Segment Start: Exercise input

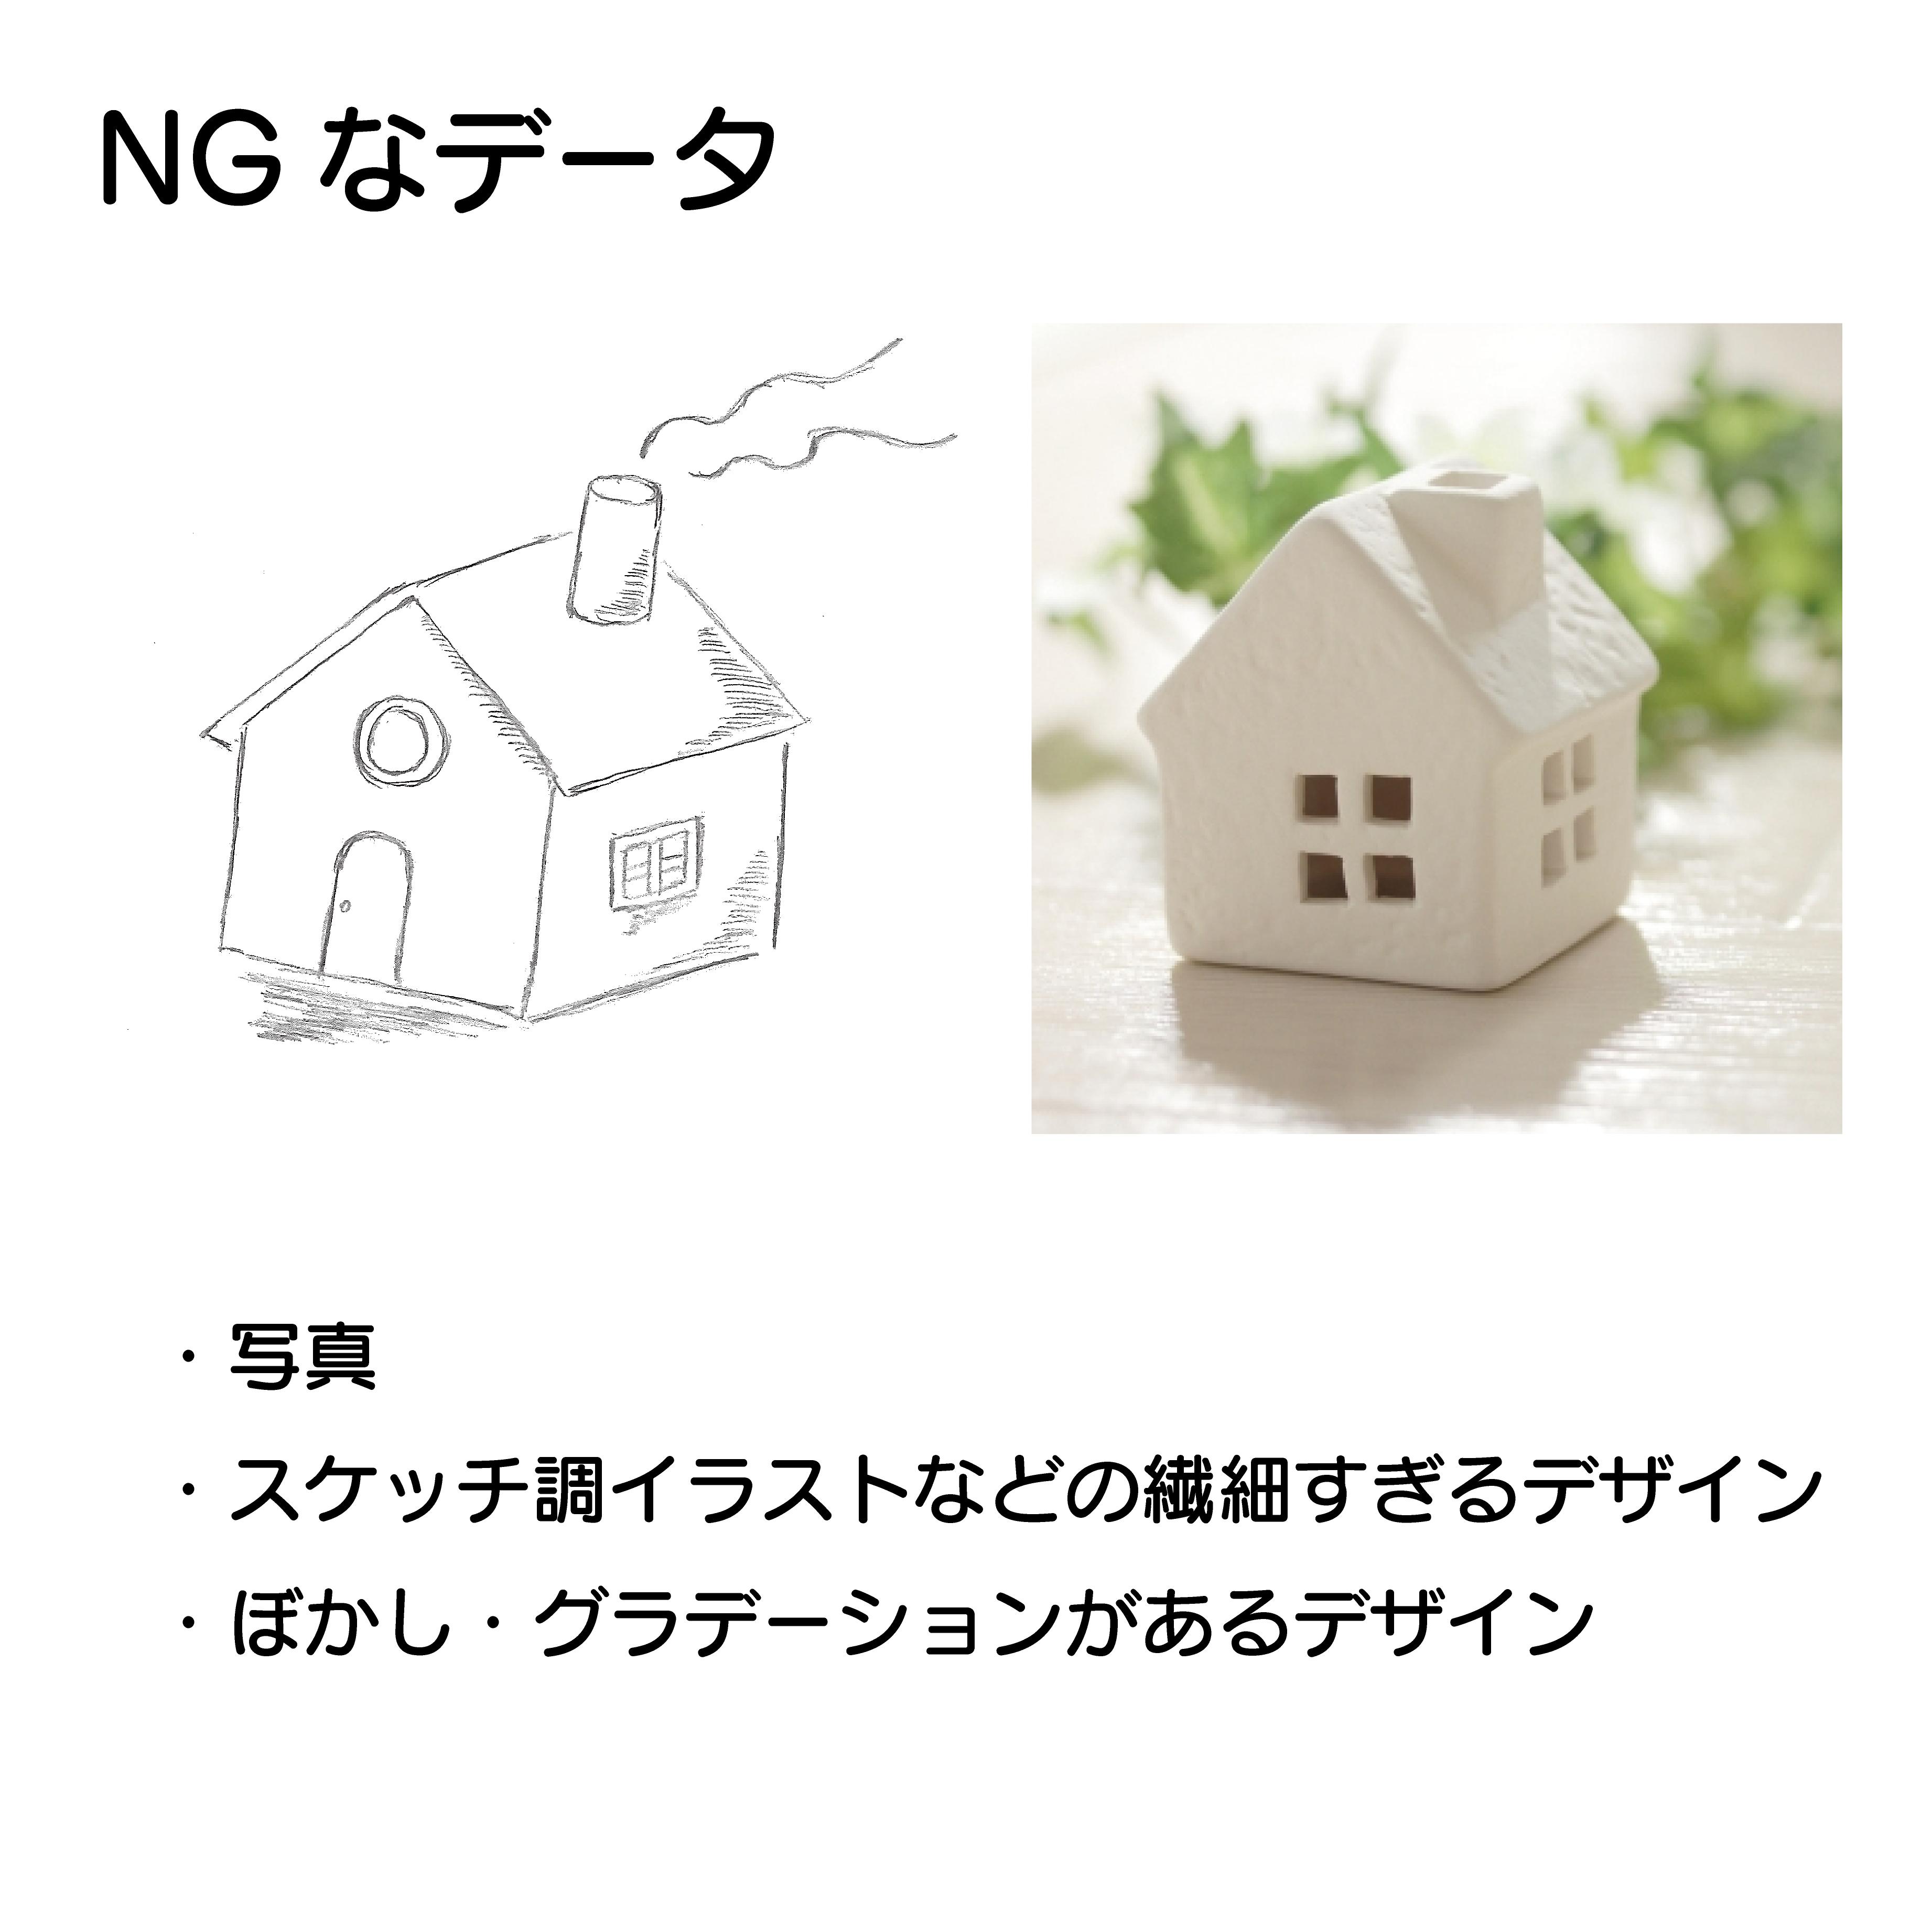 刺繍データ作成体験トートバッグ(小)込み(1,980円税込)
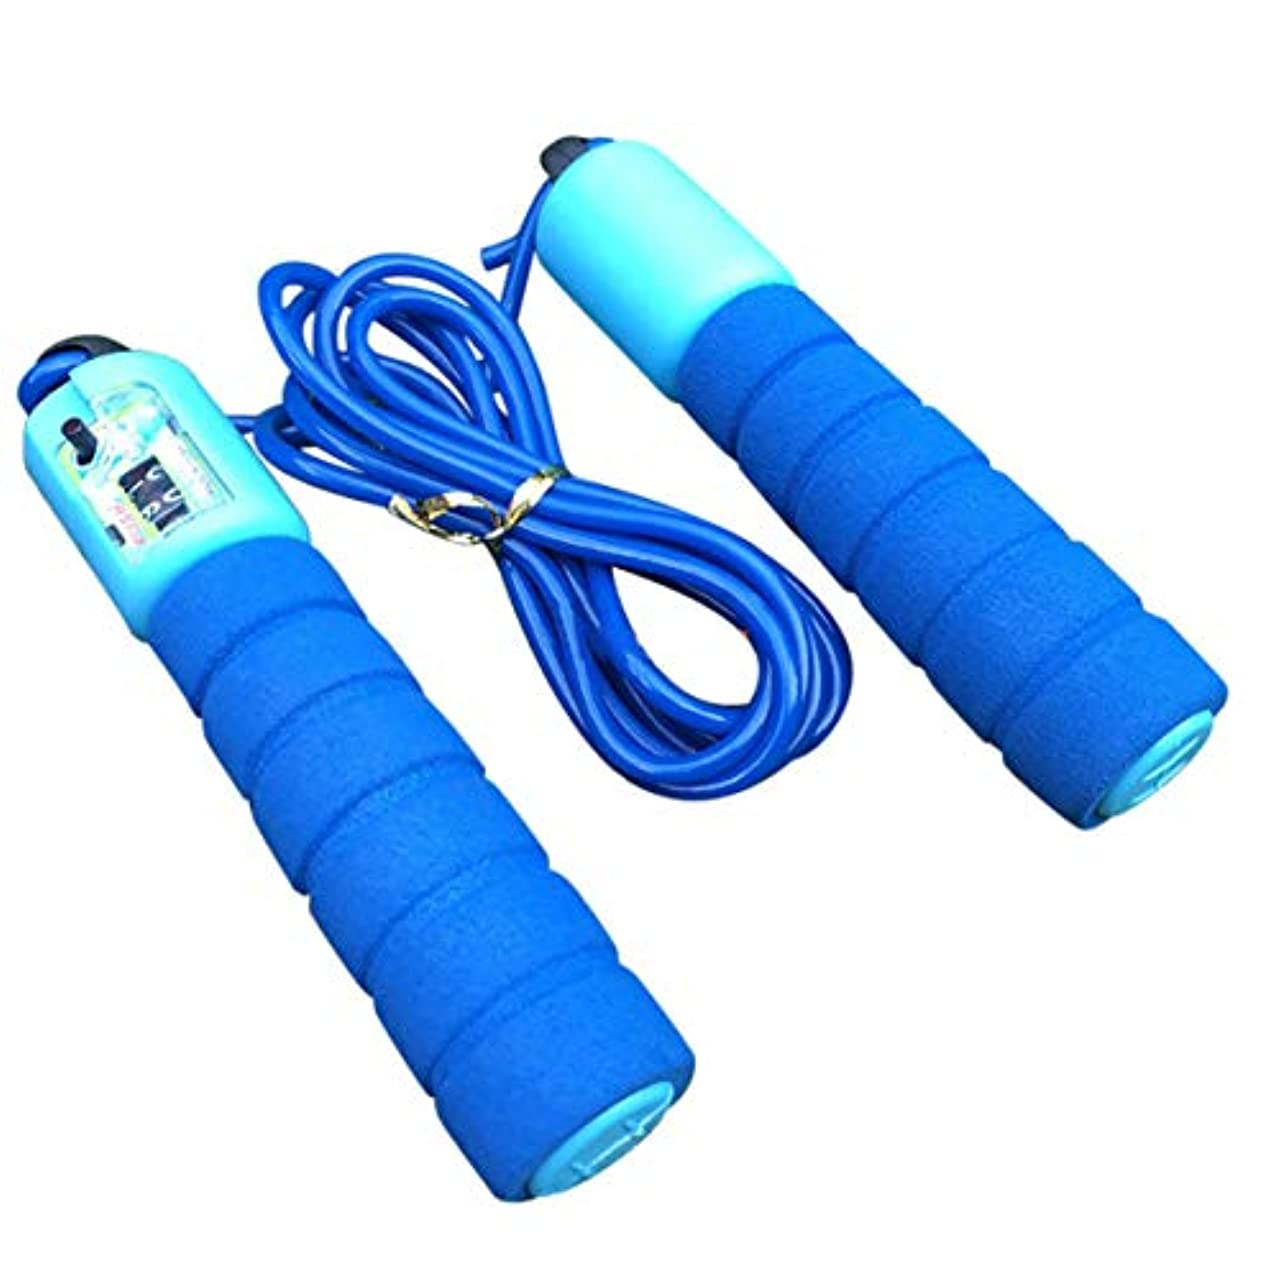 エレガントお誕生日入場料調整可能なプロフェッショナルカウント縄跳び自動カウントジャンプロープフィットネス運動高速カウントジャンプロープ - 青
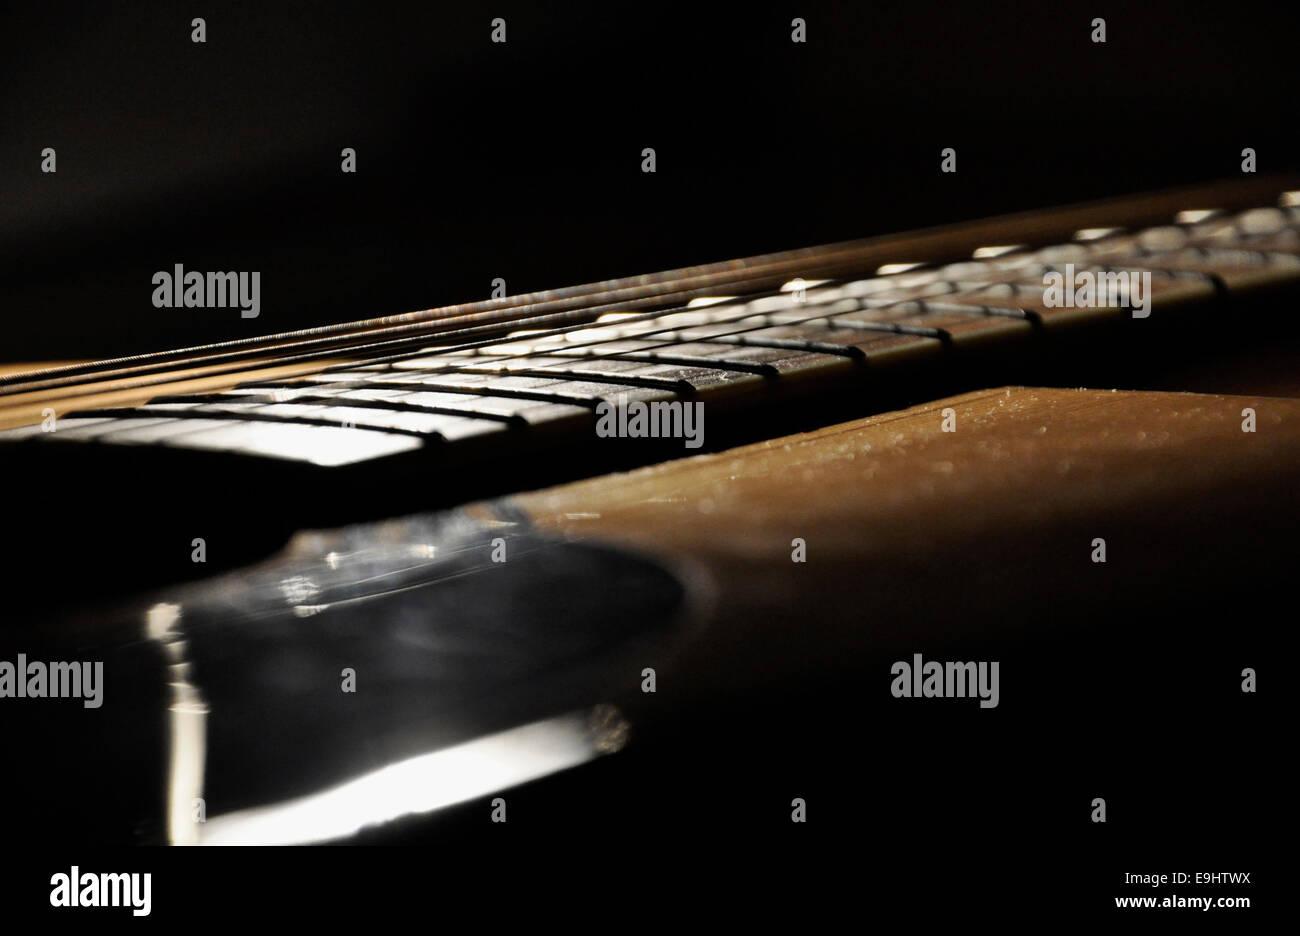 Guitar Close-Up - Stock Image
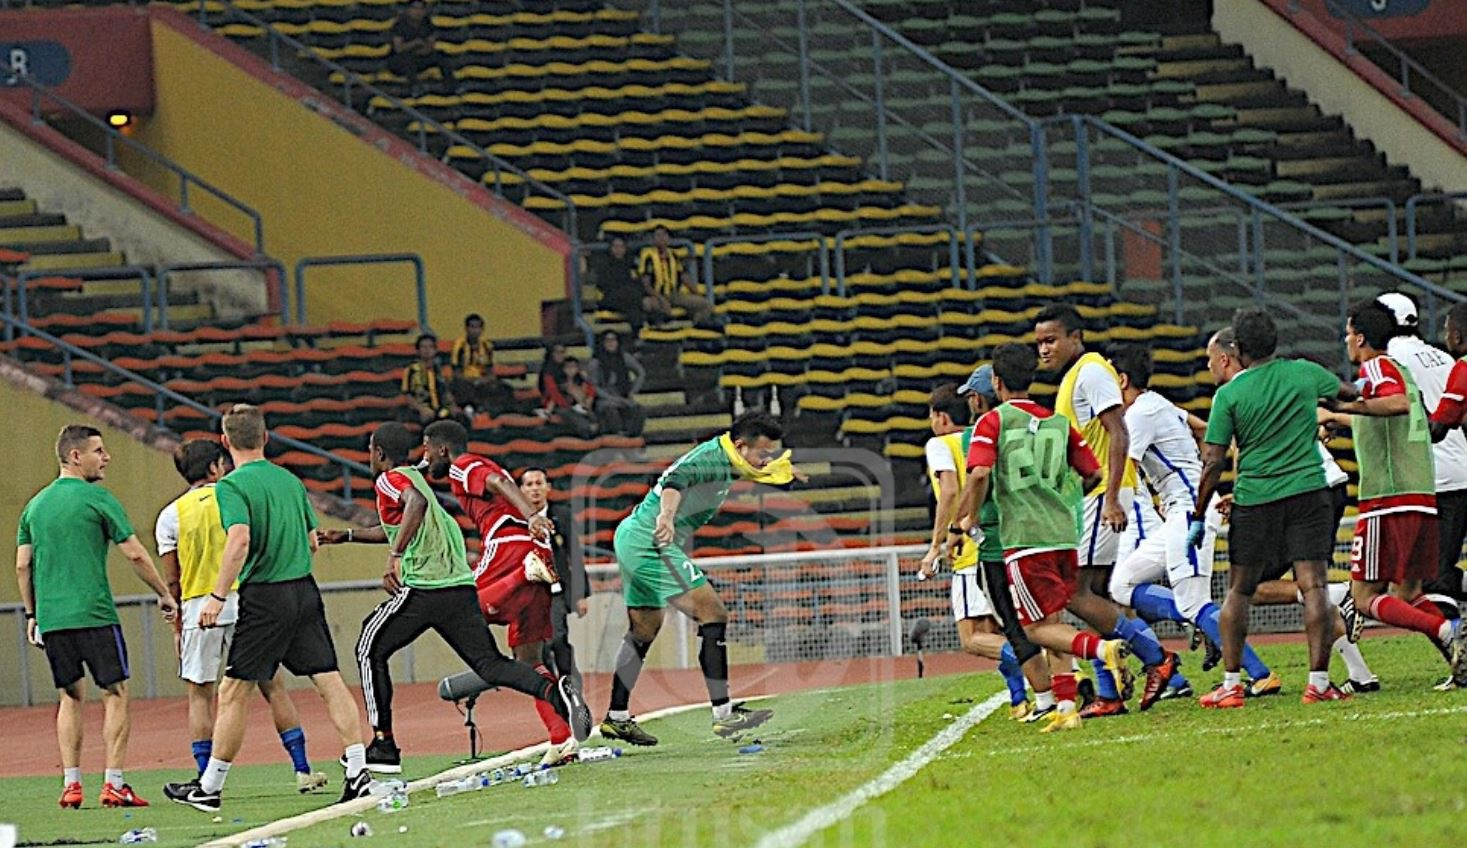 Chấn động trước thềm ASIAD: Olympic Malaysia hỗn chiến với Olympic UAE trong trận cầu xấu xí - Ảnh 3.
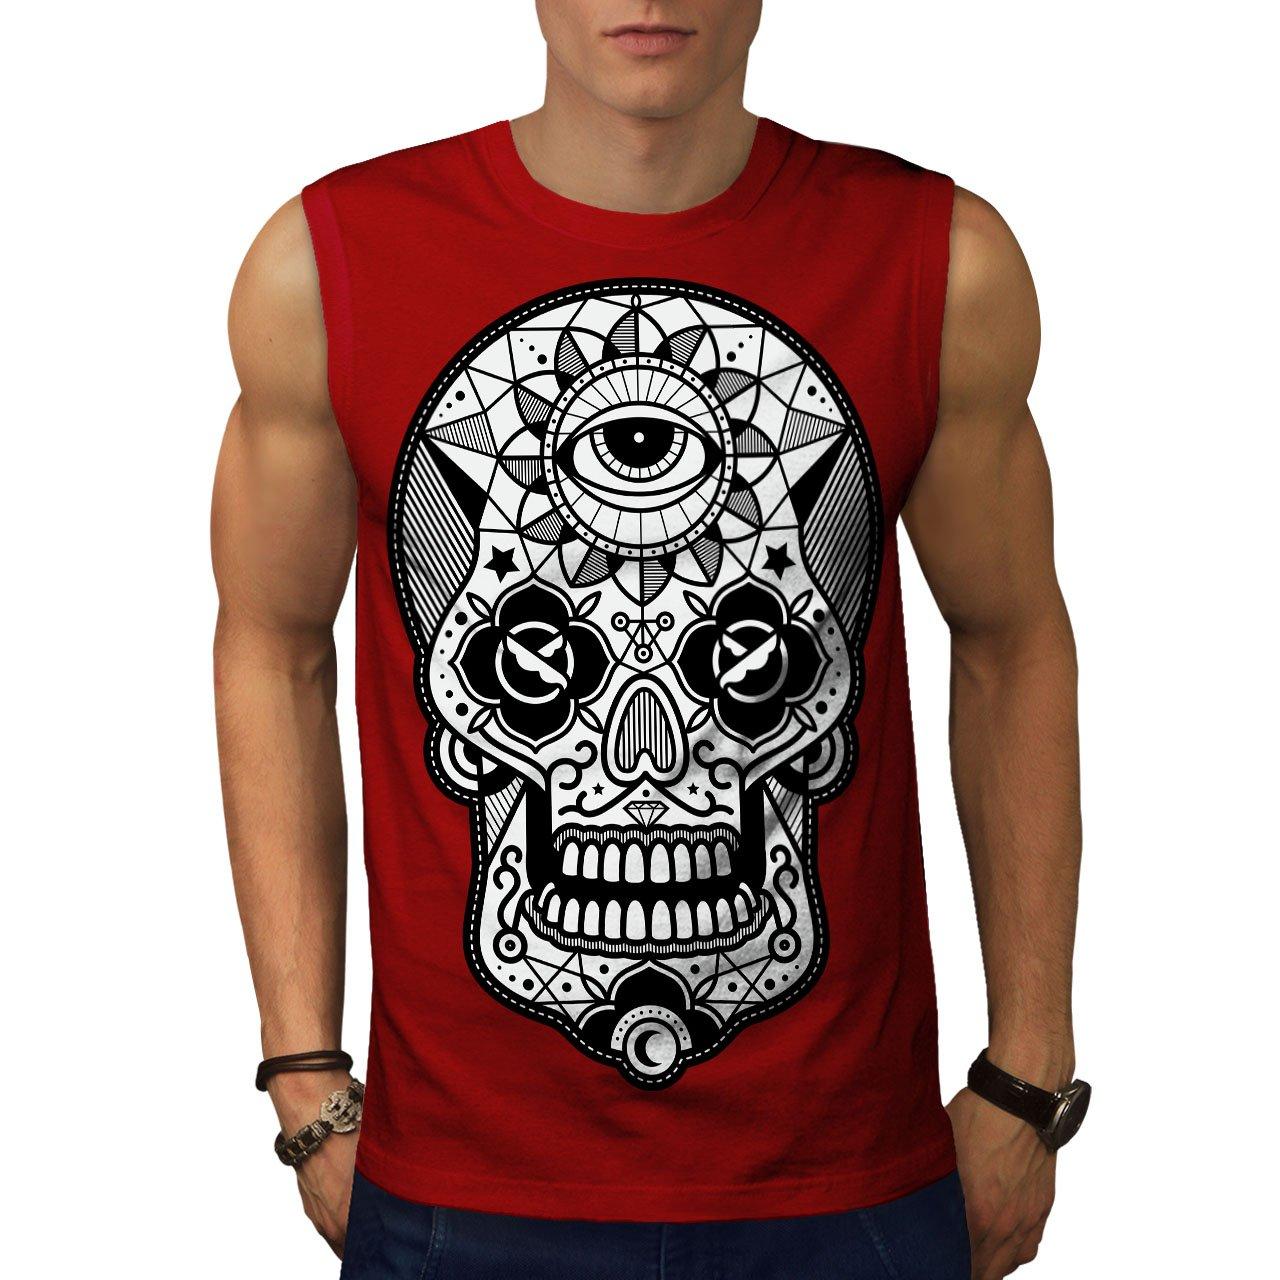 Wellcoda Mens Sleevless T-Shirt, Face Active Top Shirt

Segment End: Exercise input

Faithful copy, images left out: write out every line of data.

 刺繍データ作成体験トートバッグ(小)込み(1,980円税込)
 エレガントお誕生日入場料調整可能なプロフェッショナルカウント縄跳び自動カウントジャンプロープフィットネス運動高速カウントジャンプロープ - 青
 Guitar Close-Up - Stock Image
 Chấn động trước thềm ASIAD: Olympic Malaysia hỗn chiến với Olympic UAE trong trận cầu xấu xí - Ảnh 3.
 Wellcoda Mens Sleevless T-Shirt, Face Active Top Shirt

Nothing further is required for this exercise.